\begin{exercise}{A3}{Image and kernel}{0004}
\begin{exerciseStatement} Let \(T:\mathbb{R}^ 3 \to \mathbb{R}^ 4 \) be the linear transformation given by \[T\left( \left[\begin{array}{c}
x \\
y \\
z
\end{array}\right] \right) = \left[\begin{array}{c}
x - z \\
-2 \, x + y + z \\
-5 \, x + 3 \, y + 2 \, z \\
-2 \, x - 2 \, y + 4 \, z
\end{array}\right] .\]
\begin{enumerate}[(a)]
\item Explain how to find the image of \(T\) and the kernel of \(T\).
\item Explain how to find a basis of the image of \(T\) and a basis of the kernel of \(T\).
\item Explain how to find the rank and nullity of \(T\), and why the rank-nullity theorem holds for \(T\).
\end{enumerate}
\end{exerciseStatement}
\begin{exerciseAnswer}
\[\operatorname{RREF} \left[\begin{array}{ccc}
1 & 0 & -1 \\
-2 & 1 & 1 \\
-5 & 3 & 2 \\
-2 & -2 & 4
\end{array}\right] = \left[\begin{array}{ccc}
1 & 0 & -1 \\
0 & 1 & -1 \\
0 & 0 & 0 \\
0 & 0 & 0
\end{array}\right] \]
\begin{enumerate}[(a)]
\item \[\operatorname{Im}\ T = \operatorname{span}\ \left\{ \left[\begin{array}{c}
1 \\
-2 \\
-5 \\
-2
\end{array}\right] , \left[\begin{array}{c}
0 \\
1 \\
3 \\
-2
\end{array}\right] \right\} \]\[\operatorname{ker}\ T = \left\{ \left[\begin{array}{c}
a \\
a \\
a
\end{array}\right] \middle|\,a\in\mathbb{R}\right\} \]
\item A basis of \(\operatorname{Im}\ T\) is \( \left\{ \left[\begin{array}{c}
1 \\
-2 \\
-5 \\
-2
\end{array}\right] , \left[\begin{array}{c}
0 \\
1 \\
3 \\
-2
\end{array}\right] \right\} \).
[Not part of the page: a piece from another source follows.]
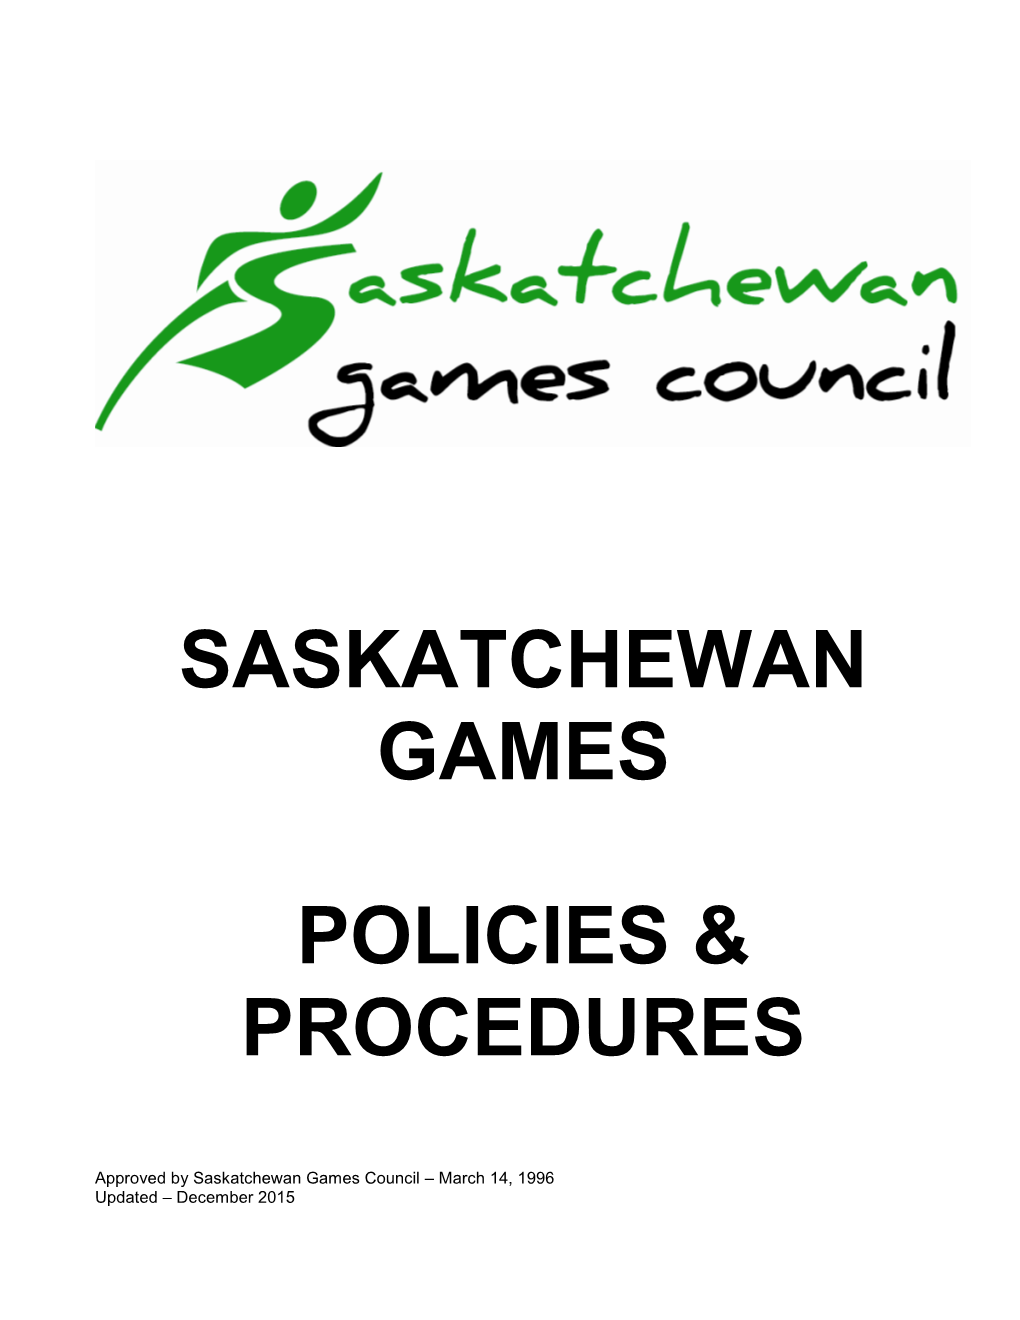 History of the Saskatchewan Games

A basis of \(\operatorname{ker}\ T\) is \( \left\{ \left[\begin{array}{c}
1 \\
1 \\
1
\end{array}\right] \right\} \)
\item The rank of \(T\) is \( 2 \), the nullity of \(T\) is \( 1 \), and the dimension of the domain of \(T\) is \( 3 \). The rank-nullity theorem asserts that \( 2 + 1 = 3 \), which we see to be true.
\end{enumerate}
\end{exerciseAnswer}
\end{exercise}